The case is saying, look at the structure of visibility. If it is All, just give back all the tasks. If it is Active, keep only the tasks that are not complete. If it is Completed, keep only the tasks that are complete.

The cool thing about case expressions is that all the branches are checked by the compiler. This has some nice benefits:

  1. If you mistype Compleet by accident, you get a hint about the typo.
  2. If you forget to handle a case, the compiler will figure it out and tell you.

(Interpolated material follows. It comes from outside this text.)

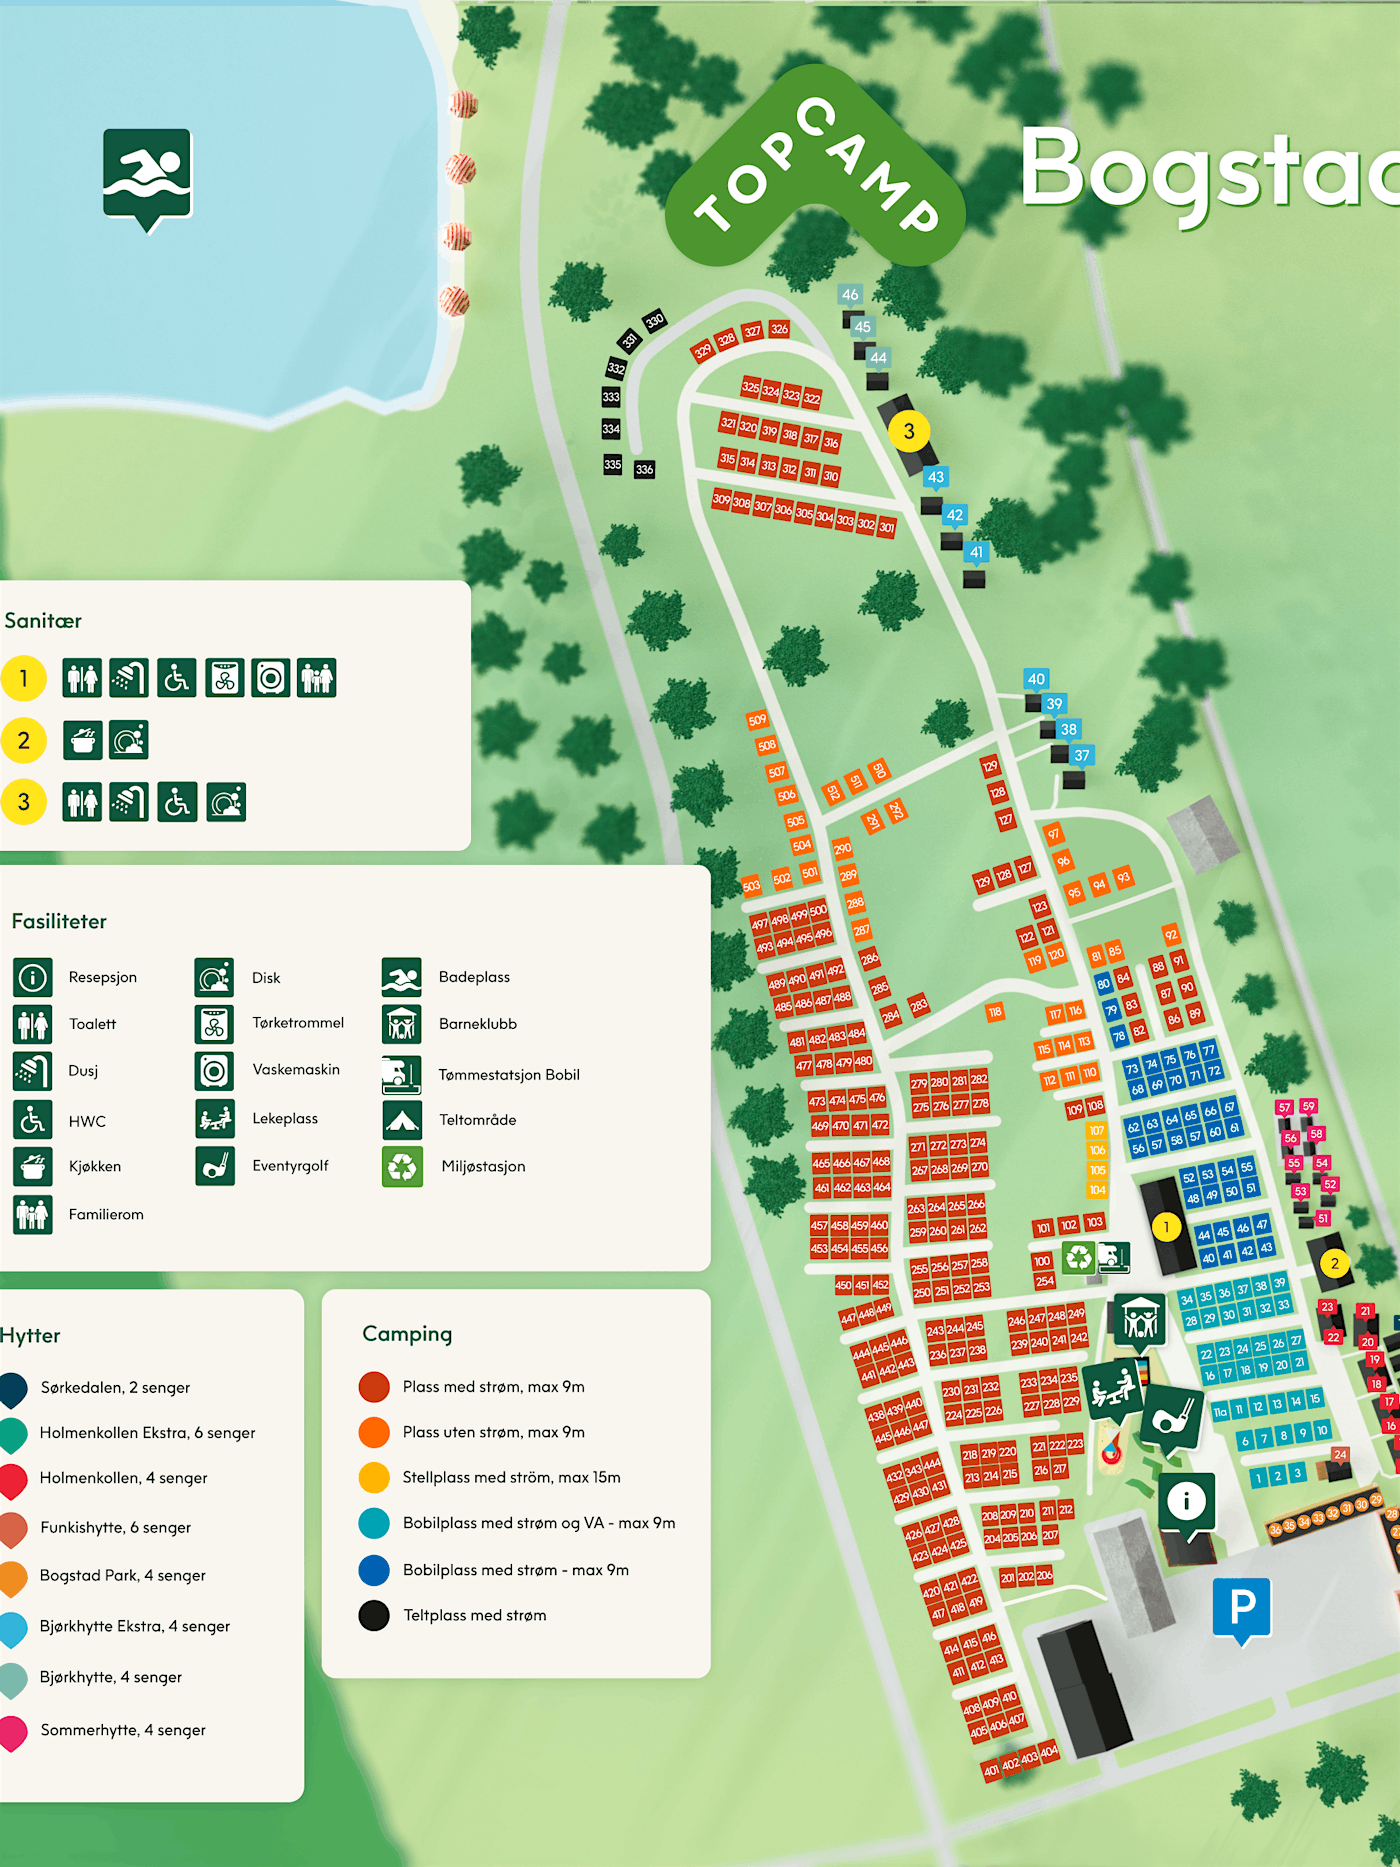 Illustrationskarte des Gebiets mit Ortsnummern und Gebäuden.

So say you want to add Recent as a fourth possible Visibility value. The compiler will find all the case expressions in your code that work with Visibility values and remind you to handle the new possibility! This means you can change and extend Visibility without the risk of silently creating bugs in existing code.

Exercise: Imagine how you would solve this same problem in JavaScript. Three strings? A boolean that can be null? What would the definition of keep look like? What sort of tests would you want to write to make sure adding new code later was safe.

Anonymous Users

Problem: We have a chat room where people can post whatever they want. Some users are logged in and some are anonymous. How should we represent a user?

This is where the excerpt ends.